Oct 6 2012

Dealing with Death

 

By Fred Varcoe

I went to my first funeral when I was 38. It was my father’s. I hadn’t had to deal with death up to that point – and I haven’t had to deal with it much since then.
I’ve paid my respects a couple of times in Japan and South Korea, but I wasn’t particularly close to the people involved, or even knew them at all in some cases. Death was distant; it was abstract. I never felt involved. My recent trip to South Korea to take part in my father-in-law’s funeral brought death back into my life.
There have been a few deaths sort of near me – all my grandparents. But they, too, were distant. I only met my grandparents once a year at best; I didn’t know them so well. I was 8 years old when my mother’s mother died (at 58) and vaguely remember going to say goodbye to her as she lay dying at home.

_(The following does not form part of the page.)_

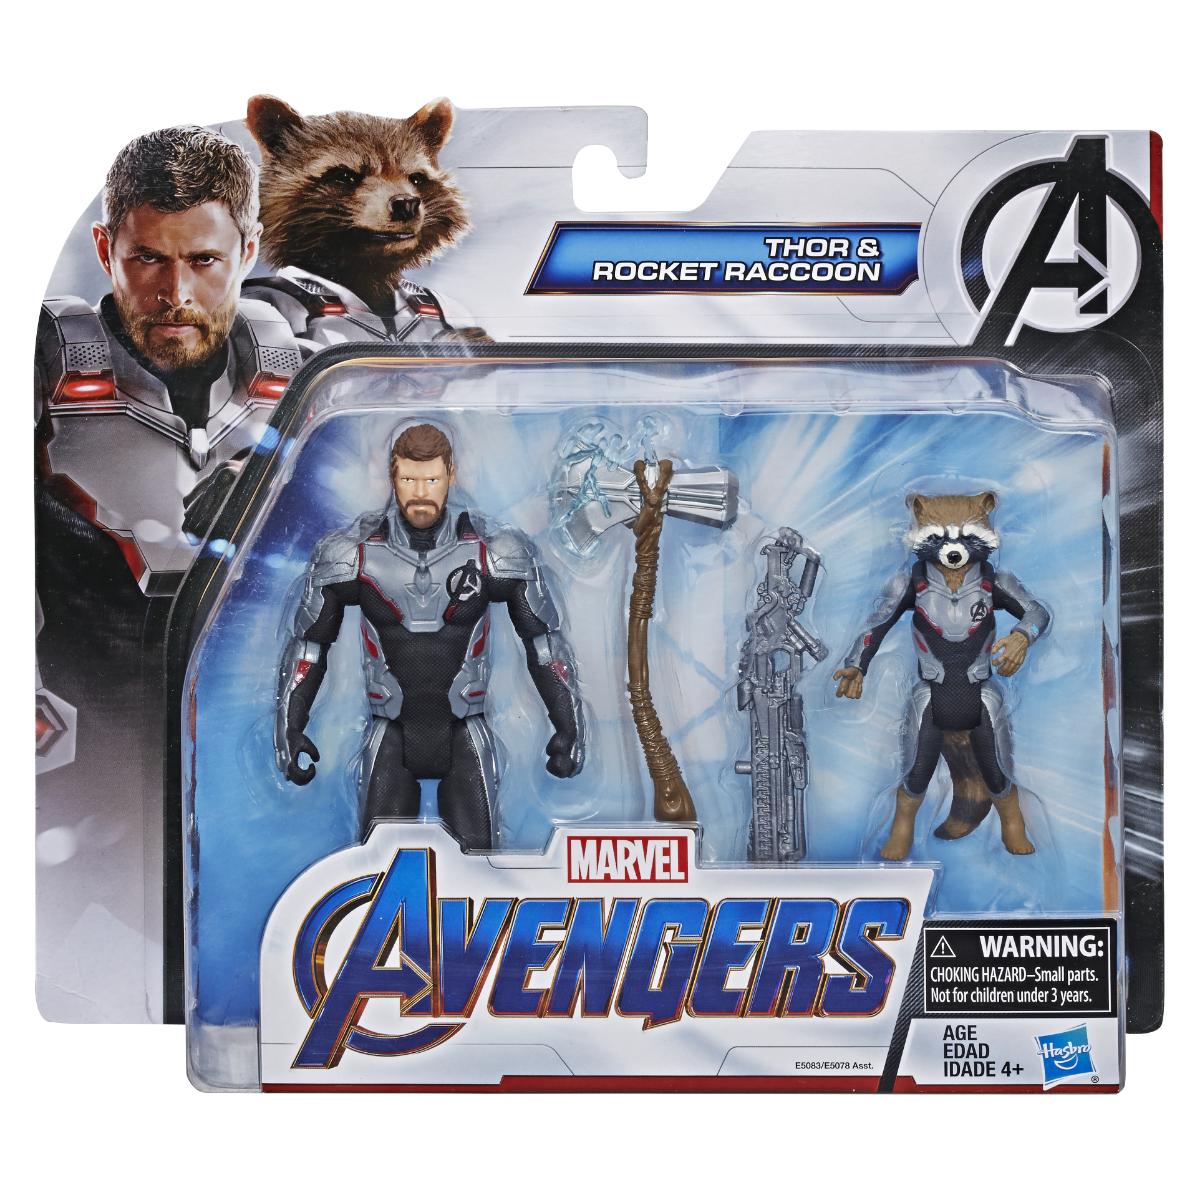 Marvel Vengadores Titan Hero Series Rocket Raccoon Figura Los Vengadores Nuevo
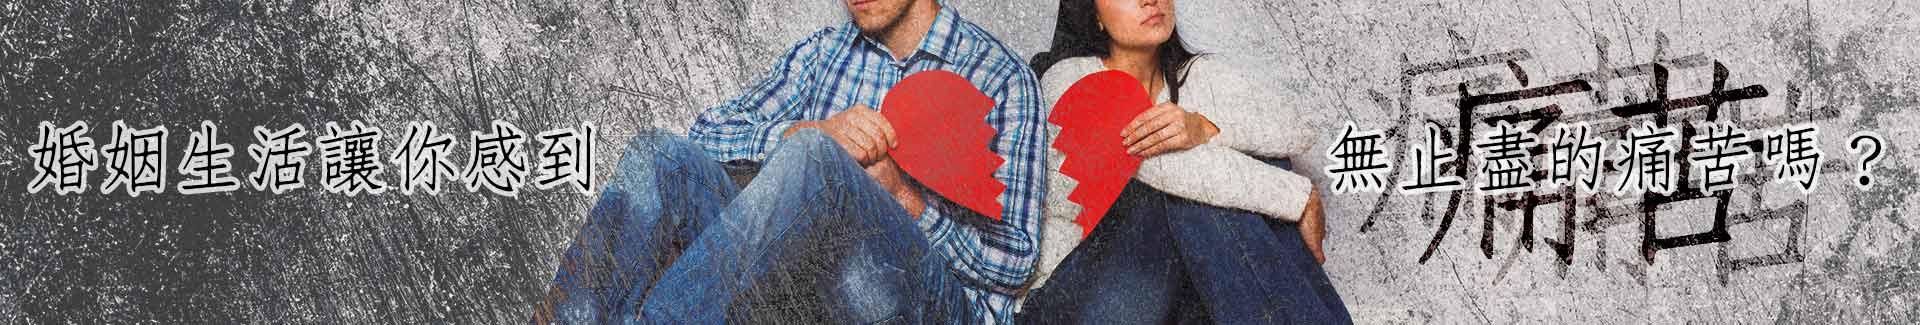 婚姻生活讓你感到無止盡的痛苦嗎?

Her husband died 10 years later, slightly out of his mind, while my father’s mother succumbed to cancer around the same time. I hadn’t seen either of them for ages. They lived far away, I was a teen at boarding school and nobody in my family really seemed to make an effort to meet up.
But at 23, with one grandparent left, I made a trek across London to see my remaining grandfather. He was 86, and we went down the pub for some gin and fags. He was good company, alert, funny and as down-to-earth as most Cockneys. He drank pink gin – strong pink gin – and we talked about trivial things. He died a few weeks later. I don’t know how; I don’t know what of. I like to think he had a pink gin in one hand and a Woodbine in the other. But having seen him so recently, I felt connected. I wish I had been more connected to all my grandparents. They were a diverse bunch and had so much to offer.
But it was too late.

The day the music died

Death continued to pass me by. Working in Saudi Arabia in the early ’80s, a couple of colleagues died young: one through an ill-judged experiment with nitrous-oxide, the other – a promiscuous homosexual –from a mysterious disease. Life went on.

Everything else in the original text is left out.